▶ The input
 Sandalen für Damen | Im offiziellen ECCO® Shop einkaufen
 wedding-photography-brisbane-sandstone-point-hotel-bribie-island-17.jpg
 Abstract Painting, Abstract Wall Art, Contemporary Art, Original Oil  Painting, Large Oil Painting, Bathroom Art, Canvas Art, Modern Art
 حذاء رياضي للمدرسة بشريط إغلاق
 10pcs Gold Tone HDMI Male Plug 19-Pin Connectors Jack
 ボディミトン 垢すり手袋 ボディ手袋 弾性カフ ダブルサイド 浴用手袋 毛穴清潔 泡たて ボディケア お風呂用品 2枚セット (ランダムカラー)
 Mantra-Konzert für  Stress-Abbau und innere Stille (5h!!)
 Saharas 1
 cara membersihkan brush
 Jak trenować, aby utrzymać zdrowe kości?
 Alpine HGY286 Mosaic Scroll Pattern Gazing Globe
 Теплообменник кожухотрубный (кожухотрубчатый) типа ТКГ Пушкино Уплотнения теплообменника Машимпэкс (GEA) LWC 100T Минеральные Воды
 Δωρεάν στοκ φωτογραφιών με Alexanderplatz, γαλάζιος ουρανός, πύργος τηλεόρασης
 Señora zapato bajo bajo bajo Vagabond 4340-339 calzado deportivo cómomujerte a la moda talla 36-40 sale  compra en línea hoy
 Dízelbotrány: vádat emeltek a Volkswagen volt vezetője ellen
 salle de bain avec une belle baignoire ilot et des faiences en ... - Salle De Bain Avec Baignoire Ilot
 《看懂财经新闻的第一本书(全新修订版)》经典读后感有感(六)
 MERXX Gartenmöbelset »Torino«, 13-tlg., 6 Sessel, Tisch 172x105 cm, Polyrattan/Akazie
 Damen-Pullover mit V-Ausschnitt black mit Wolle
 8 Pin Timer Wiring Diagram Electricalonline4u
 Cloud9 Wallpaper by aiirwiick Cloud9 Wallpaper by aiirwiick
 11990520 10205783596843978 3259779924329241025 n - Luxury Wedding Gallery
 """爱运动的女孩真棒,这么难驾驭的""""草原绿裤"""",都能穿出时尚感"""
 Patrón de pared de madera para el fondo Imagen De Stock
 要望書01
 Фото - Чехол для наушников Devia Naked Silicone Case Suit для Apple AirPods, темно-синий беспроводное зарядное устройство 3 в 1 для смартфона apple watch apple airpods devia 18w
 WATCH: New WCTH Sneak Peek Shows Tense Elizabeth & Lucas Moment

▶ Work to be completed
The data is to be reproduced in full, every line intact.

▶ Response to this task
 Sandalen für Damen | Im offiziellen ECCO® Shop einkaufen
 wedding-photography-brisbane-sandstone-point-hotel-bribie-island-17.jpg
 Abstract Painting, Abstract Wall Art, Contemporary Art, Original Oil  Painting, Large Oil Painting, Bathroom Art, Canvas Art, Modern Art
 حذاء رياضي للمدرسة بشريط إغلاق
 10pcs Gold Tone HDMI Male Plug 19-Pin Connectors Jack
 ボディミトン 垢すり手袋 ボディ手袋 弾性カフ ダブルサイド 浴用手袋 毛穴清潔 泡たて ボディケア お風呂用品 2枚セット (ランダムカラー)
 Mantra-Konzert für  Stress-Abbau und innere Stille (5h!!)
 Saharas 1
 cara membersihkan brush
 Jak trenować, aby utrzymać zdrowe kości?
 Alpine HGY286 Mosaic Scroll Pattern Gazing Globe
 Теплообменник кожухотрубный (кожухотрубчатый) типа ТКГ Пушкино Уплотнения теплообменника Машимпэкс (GEA) LWC 100T Минеральные Воды
 Δωρεάν στοκ φωτογραφιών με Alexanderplatz, γαλάζιος ουρανός, πύργος τηλεόρασης
 Señora zapato bajo bajo bajo Vagabond 4340-339 calzado deportivo cómomujerte a la moda talla 36-40 sale  compra en línea hoy
 Dízelbotrány: vádat emeltek a Volkswagen volt vezetője ellen
 salle de bain avec une belle baignoire ilot et des faiences en ... - Salle De Bain Avec Baignoire Ilot
 《看懂财经新闻的第一本书(全新修订版)》经典读后感有感(六)
 MERXX Gartenmöbelset »Torino«, 13-tlg., 6 Sessel, Tisch 172x105 cm, Polyrattan/Akazie
 Damen-Pullover mit V-Ausschnitt black mit Wolle
 8 Pin Timer Wiring Diagram Electricalonline4u
 Cloud9 Wallpaper by aiirwiick Cloud9 Wallpaper by aiirwiick
 11990520 10205783596843978 3259779924329241025 n - Luxury Wedding Gallery
 """爱运动的女孩真棒,这么难驾驭的""""草原绿裤"""",都能穿出时尚感"""
 Patrón de pared de madera para el fondo Imagen De Stock
 要望書01
 Фото - Чехол для наушников Devia Naked Silicone Case Suit для Apple AirPods, темно-синий беспроводное зарядное устройство 3 в 1 для смартфона apple watch apple airpods devia 18w
 WATCH: New WCTH Sneak Peek Shows Tense Elizabeth & Lucas Moment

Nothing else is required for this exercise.